Jean-Pierre Seifert’s chair at the Technical Universität Berlin is a world renowned hardware security research group in the field of contactless optoelectronic chip assessment. For his eminent research achievements, he received in 2018 the Einstein Professorship award. His recognized expertise stems also from his decade long work in the semiconductor research labs of Intel (Portland USA), Infineon Technologies (Munich, Germany), and Samsung Electronics (San Jose, USA). He is affiliated with TU, T-Labs (DT AG’s central R&D department), the Berlin Institute for the Foundations of Learning and Data (BIFOLD), the Berlin Quantum Alliance, and the Einstein Foundation Berlin. Being a mathematically oriented cryptographer and theoretical computer scientist, he has a substantial amount of computational complexity expertise. As single author he has created the field of fault attacks against the public keys of asymmetric cryptography and was the co-inventor of branch prediction attacks. His learning research was seminal for the correct definition of the security of physically unclonable functions (PUF) within the PAC learning framework. With a very early single author publication in the field of factorization via Shor’s quantum algorithm, he paved the way for the overarching research field of reducing the number of qubits in Shor’s famous QC algorithms for the factorization and the discrete logarithm problem via lattice basis reduction instead of the original continued fraction algorithm.

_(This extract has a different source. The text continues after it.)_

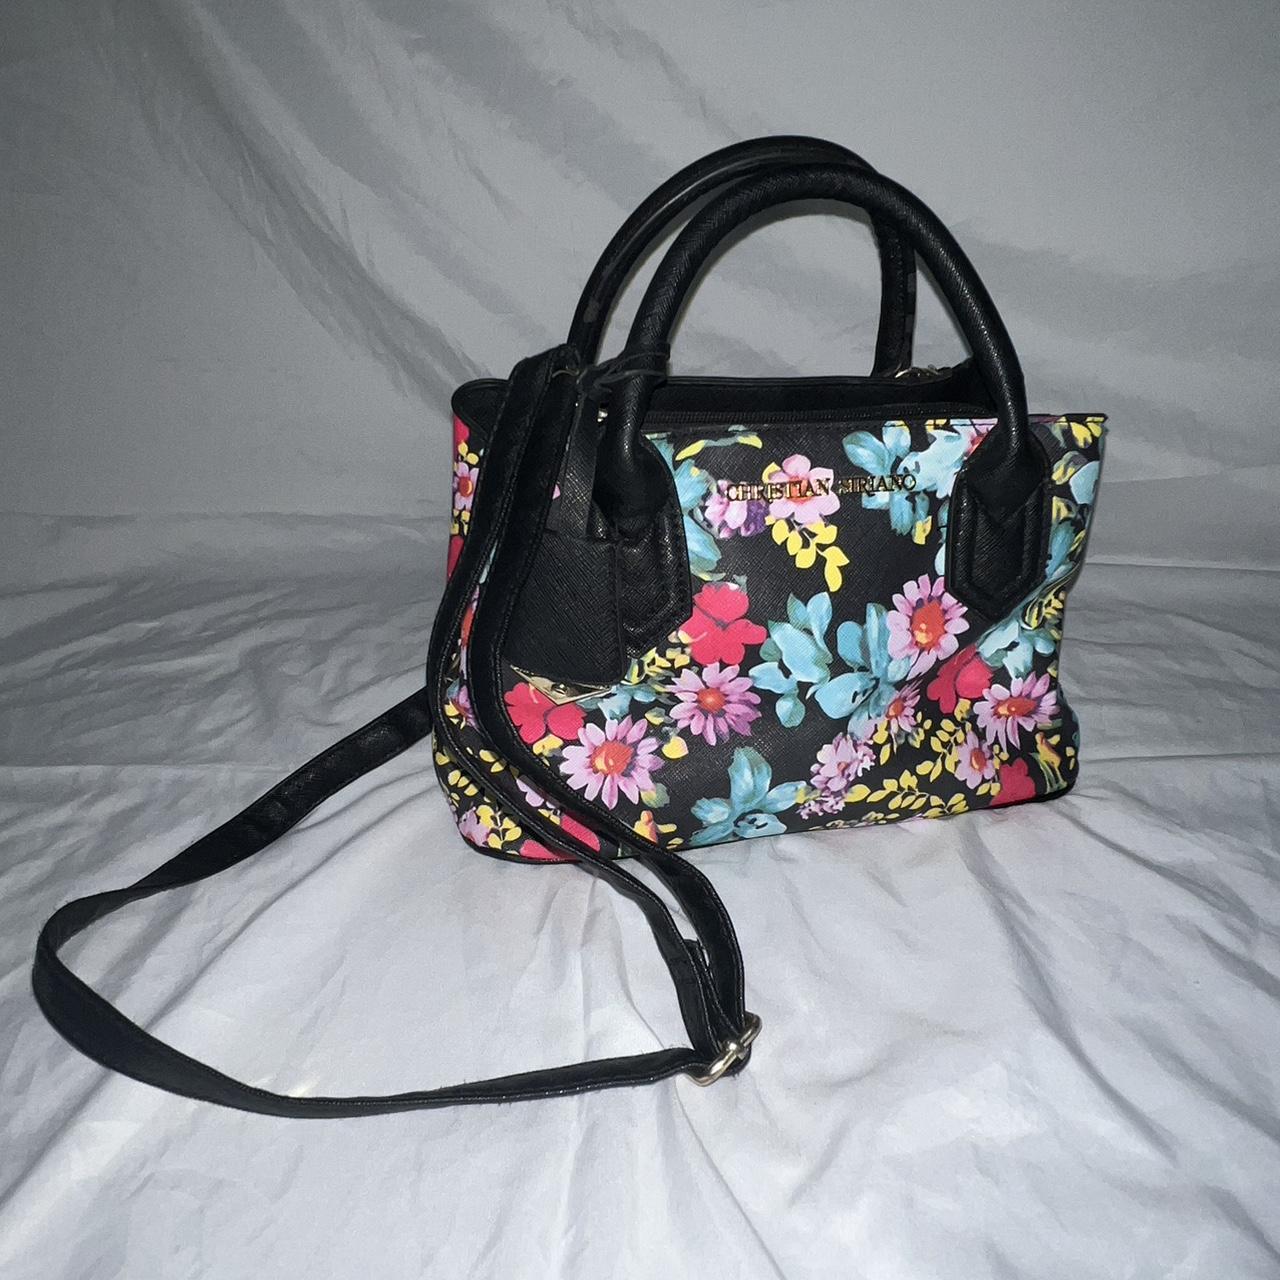 Christian Siriano for Payless Spring Floral Purse Handbag | eBay

When Wireless Protocols Meet New Threat Models
(May 28)


This presentation will argue that several past (wireless) protocol attacks were found by creatively thinking about threat models. This will be illustrated by Wi-Fi attacks such as KRACK and FragAttacks. I will then discuss how this can inspire defenders and attackers.

Mathy Vanhoef
KU Leuven University, Belgium

Mathy Vanhoef is an Assistant Professor at KU Leuven University in Belgium. He’s interested in network and software security, where he studies the security of the full network stack, with a focus on Wi-Fi security and applied cryptography. In this area, he tries to bridge the gap between real-world code and theory. He previously discovered the KRACK attack against WPA2 and the Dragonblood attack against WPA3. He also collaborated with the industry to design and standardize two new Wi-Fi defenses. One of these defenses, called beacon protection, will become mandatory in Wi-Fi 7.